Positiv sieht dahingegen der geplante Einstieg der Electricité de France EdF in die Energie Baden-Württemberg AG (EnBW) aus: Loic Capéran zeigte sich zuversichtlich von Mario Monti (Wettbewerbskommissar) grünes Licht für die Übernahme von 34,5 Prozent des EnBW-Kapitals zu erhalten. Capéran kündigte an, die Vorgaben Montis, den heimischen Markt zu öffnen, zu erfüllen. Ausländische Konkurrenten könnten zukünftig 150 Terrawattstunden (TWh) bei den französischen Industriekunden absetzen. "Frankreich ist kein geschlossenes Land mehr" sagte Caperan am Mittwoch auf dem Handelsblatt-Kongress in Berlin. Rund ein Drittel des französischen Marktes seien offen für andere Unternehmen. Zudem sei geplant, die bislang geltende Mindesstrommenge in Höhe von 16 Gigawattstunden abzusenken, ab der französische Kunden von ausländischen Konzernen Strom beziehen könnten. Für Großkunden seien die Preise um 15 Prozent gesunken. Offen blieb jedoch, wie der Zugang in den französischen Markt erfolgen solle.

Gaswirtschaft:
Interessant auch ein Statement von zwei Gasversorgern: Weder Wingas noch Ruhrgas planen den Wettbewerb um den Haushaltskunden à la "Yello". Burkhard Genge, Sprecher der Geschäftsführung der Wingas GmbH, stellte zudem fest, dass der Wettbewerb im Gasmarkt im Vergleich zur Entwicklung auf dem Strommarkt eher schleppend in Gang komme.
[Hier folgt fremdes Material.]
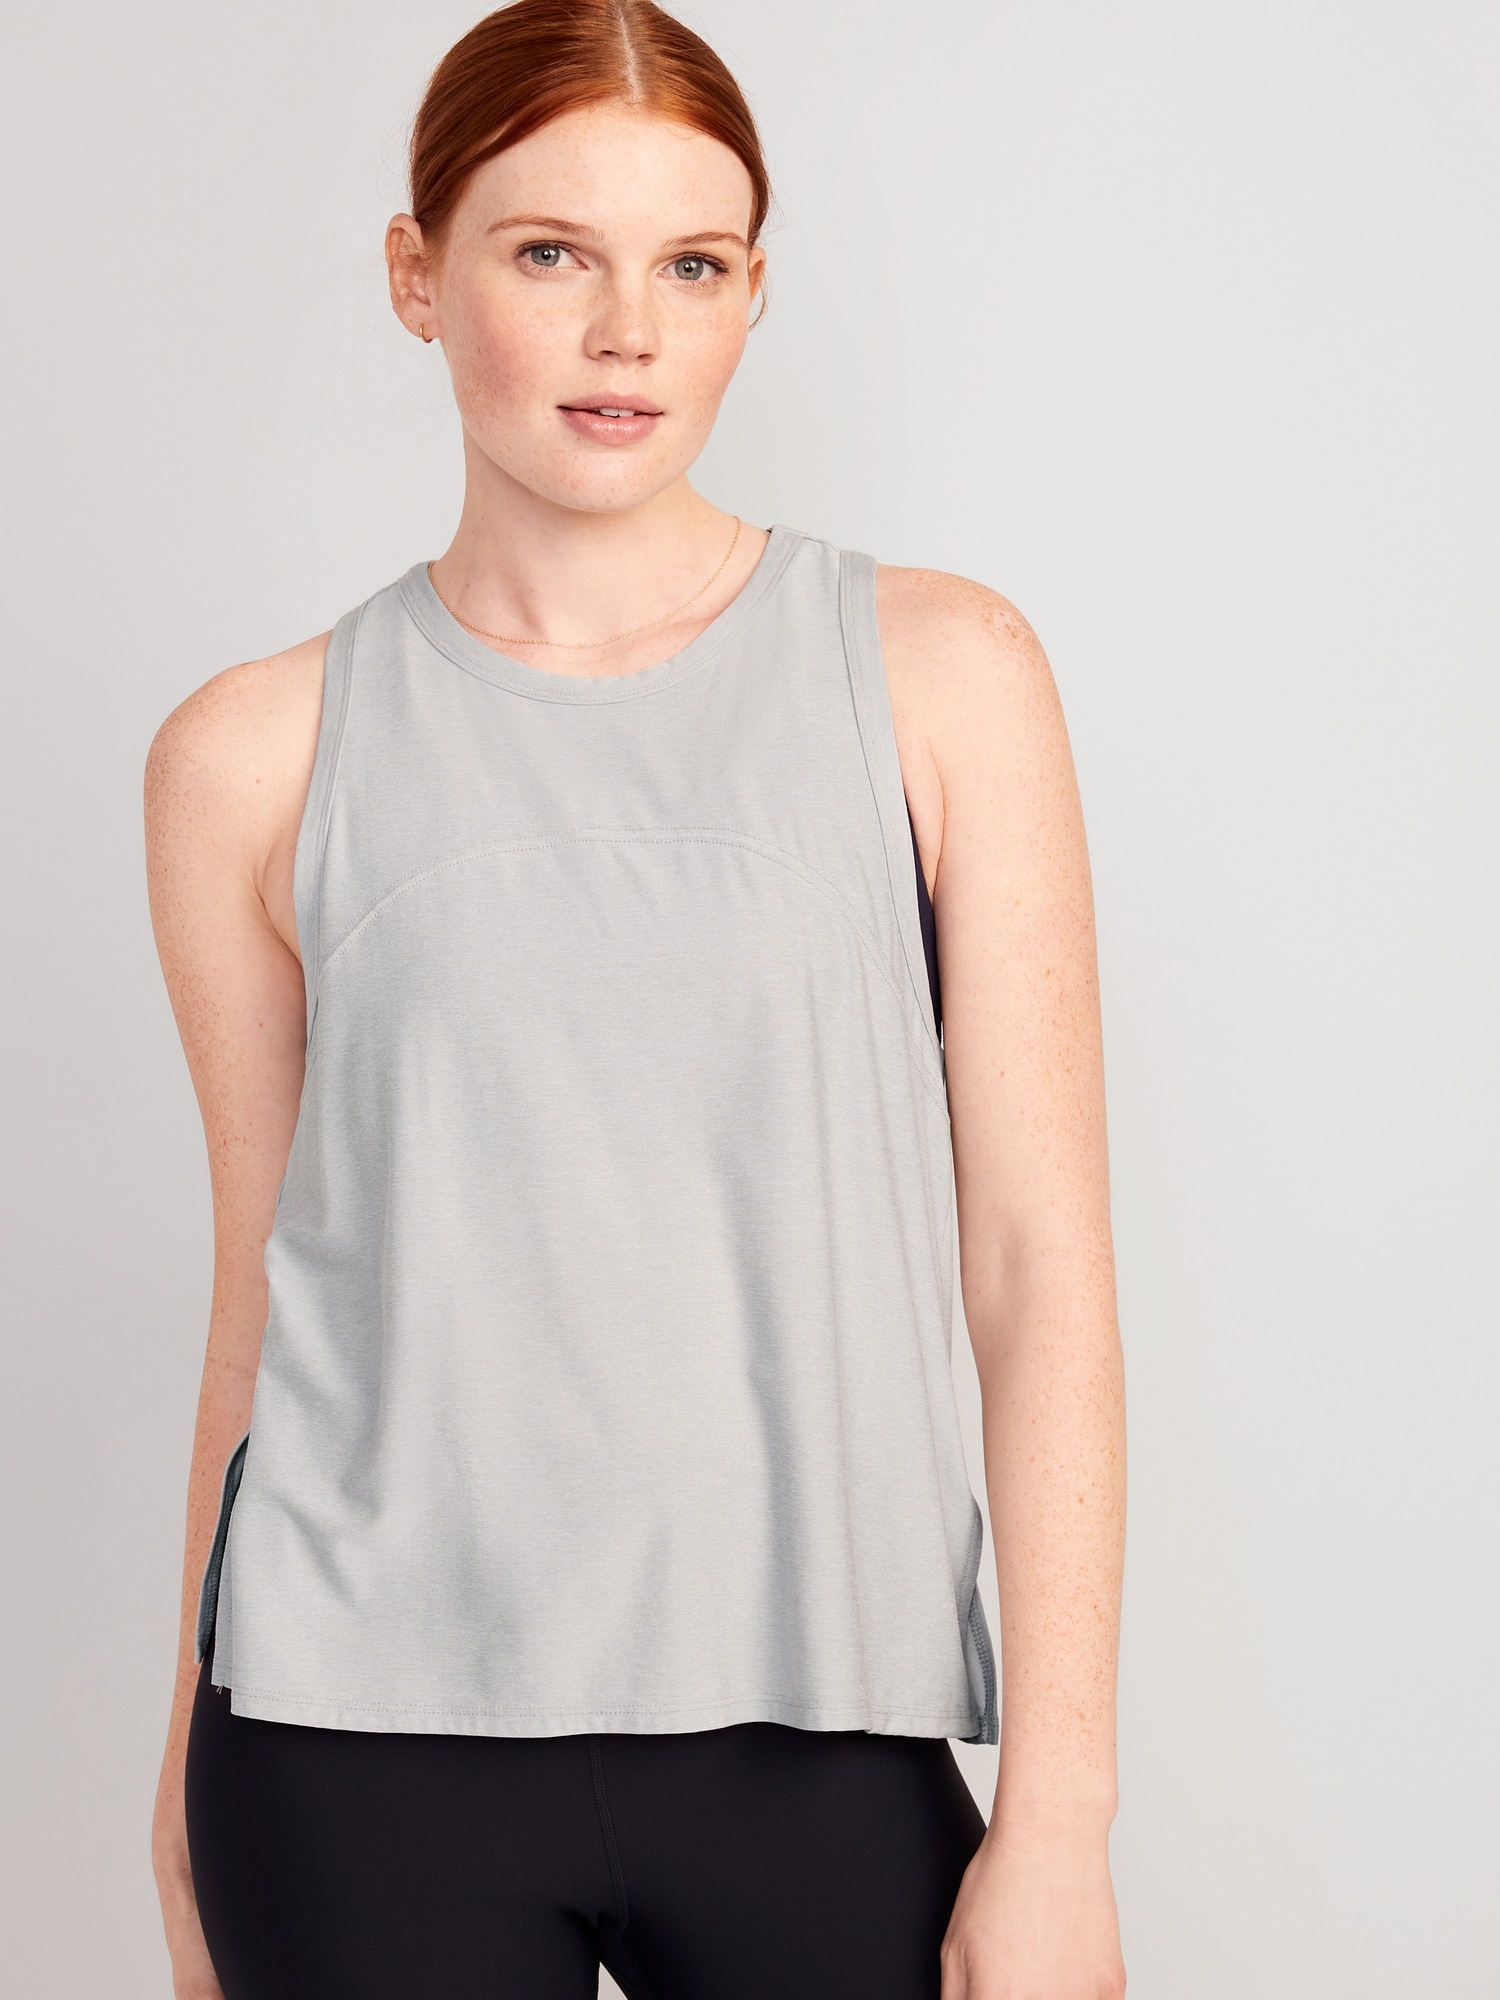 Women\'s Loose Fit Tank Tops | Old Navy | Rundhalsshirts

Ein Problem sei, dass die Verbändevereinbarung vom 4. Juli 2000 doch eine ganze Reihe Fragen offen gelassen habe, so zum Beispiel grundlegende Dinge wie die Übergabe- und Übernahmebedingungen des zu transportierenden Gases, die Messung und Steuerung bei der Ein- und Ausspeisung, Nominierungsprozeduren und Datenübertragungsfragen.